The corals that look so pretty in a glass canister or on a mantel are really colonies of limestone polyps -- animals -- that attach to the ocean floor and build up hard skeletons over centuries into the formations we call reefs. In most places, it is illegal to disturb, damage or collect coral, as rising temperatures, ocean acidification and other threats are irreparably damaging the live reefs and their ecosystems. But some coral, the byproduct of legal dredging or drilling operations, can be harvested for sale. If you obtain a piece of coral legally and want to bleach it white, proceed cautiously: Limestone is fragile.

Coral Bleaching

Coral bleaching that happens on a living reef produces ghostly white sculptures that lose their color due to stress. A vibrant reef turns pale when the corals are shocked or damaged and expel or lose the algae that is their food source and responsible for coral's normal color. The main cause of coral bleaching is warmer ocean temperatures due to climate change, but there are other stressors that contribute to whitening a reef.

  1. Storm run-off and pollution damages and bleaches near-shore corals.
  2. Prolonged high temperatures results in high solar radiance in shallow water, bleaching snorkel-accessible reefs.
  3. Shallow reefs are also vulnerable to extremely low tides that expose them to air.
  4. On rare occasions, the shock of unusually frigid temperatures during a cold spell can kill a coral reef.
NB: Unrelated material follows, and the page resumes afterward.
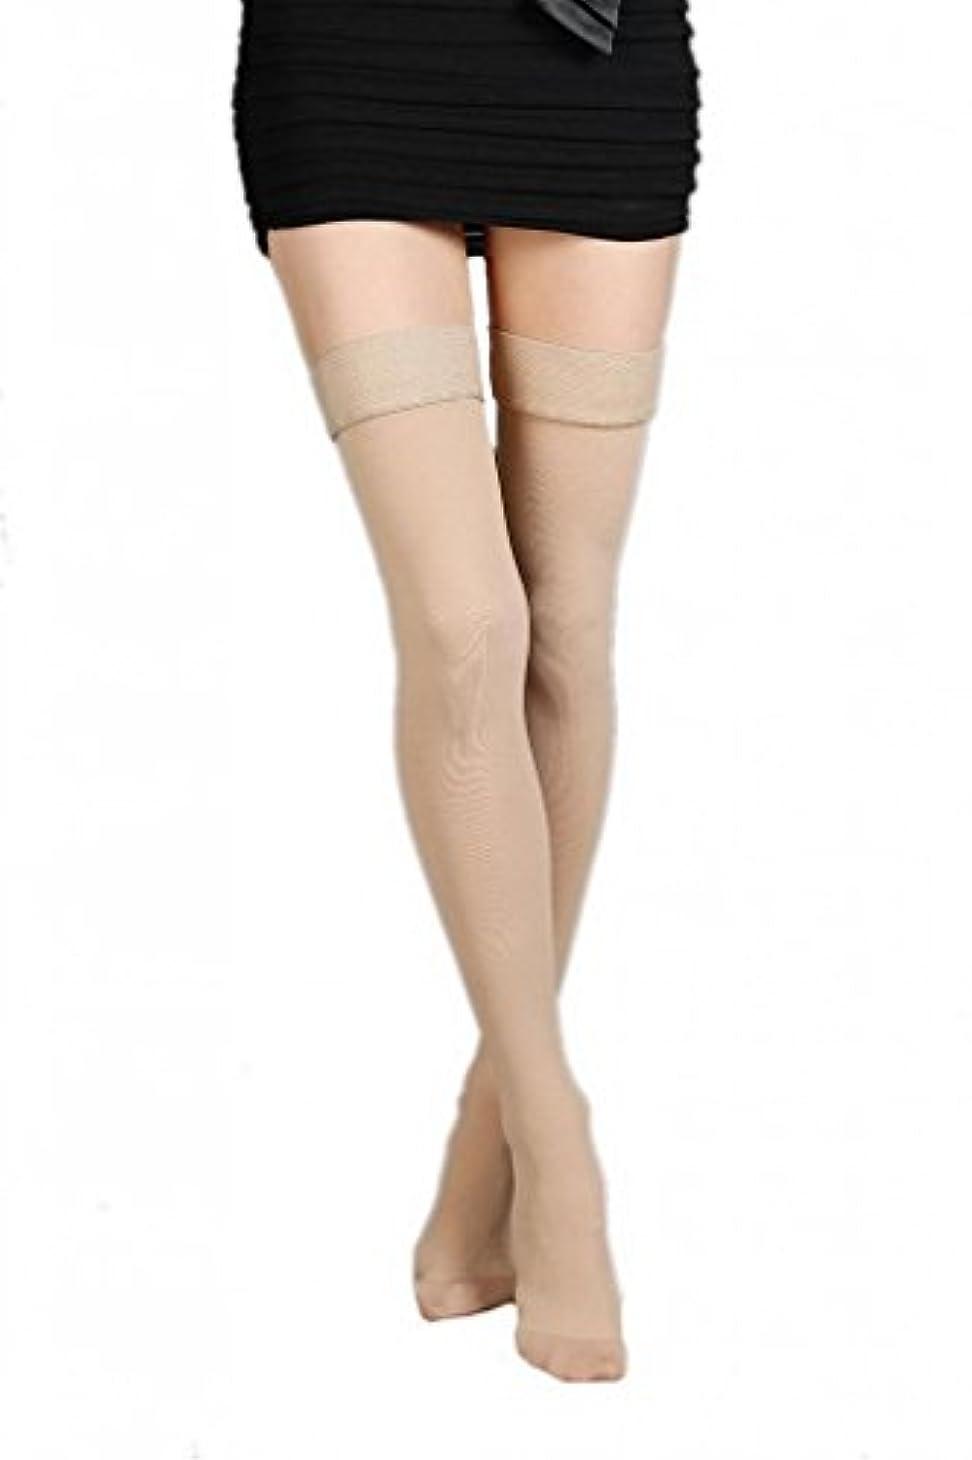 検査カウントただ(ラボーグ)La Vogue 美脚 着圧オーバーニーソックス ハイソックス 靴下 弾性ストッキング つま先あり着圧ソックス M 1級低圧 肌色

Not all bleaching is a death sentence. If the stressor is mild and not prolonged, some corals can regenerate and survive. But bleaching makes the animals susceptible to disease and to any additional disruption, so recovery for a bleached reef is not simple and may not be possible.

Whitening Collectibles

Coral obtained legally is normally a dull off-white, yellowish or cement color, not the startling snow-white preferred for a dramatic sculptural display. To create white coral for jewelry or exhibition, you have to bleach it -- carefully. Limestone is calcium deposits and is fragile enough to disintegrate or dissolve, so proceed with caution when bleaching limestone coral.

  1. For coral recently submerged that may have live algae in its cells, place the pieces in a bucket of fresh water for three days. Coral is a saltwater animal and can't survive in fresh water, so the algae will die and release their grip on the limestone shells.
  2. Transfer the coral to another bucket with warm water and mild detergent. Clean off any dirt or sand with a sponge or a soft brush and rinse the coral.
  3. Then soak the coral in a bucket of plain water with a cup of household bleach and leave the bucket in the sun for a few hours. Err on the side of less time rather than more, depending on the fragility of the coral pieces you are bleaching.
  4. Finally, rinse the coral well in plain water and let it dry in the sun. Your coral should turn bright white and retain no briny smell -- suitable for permanent display.

Some people like to clear-coat the coral with non-yellowing lacquer for protection from dust. It's a good idea to display coral under glass because it is difficult to clean, and the bleaching process increases its fragility.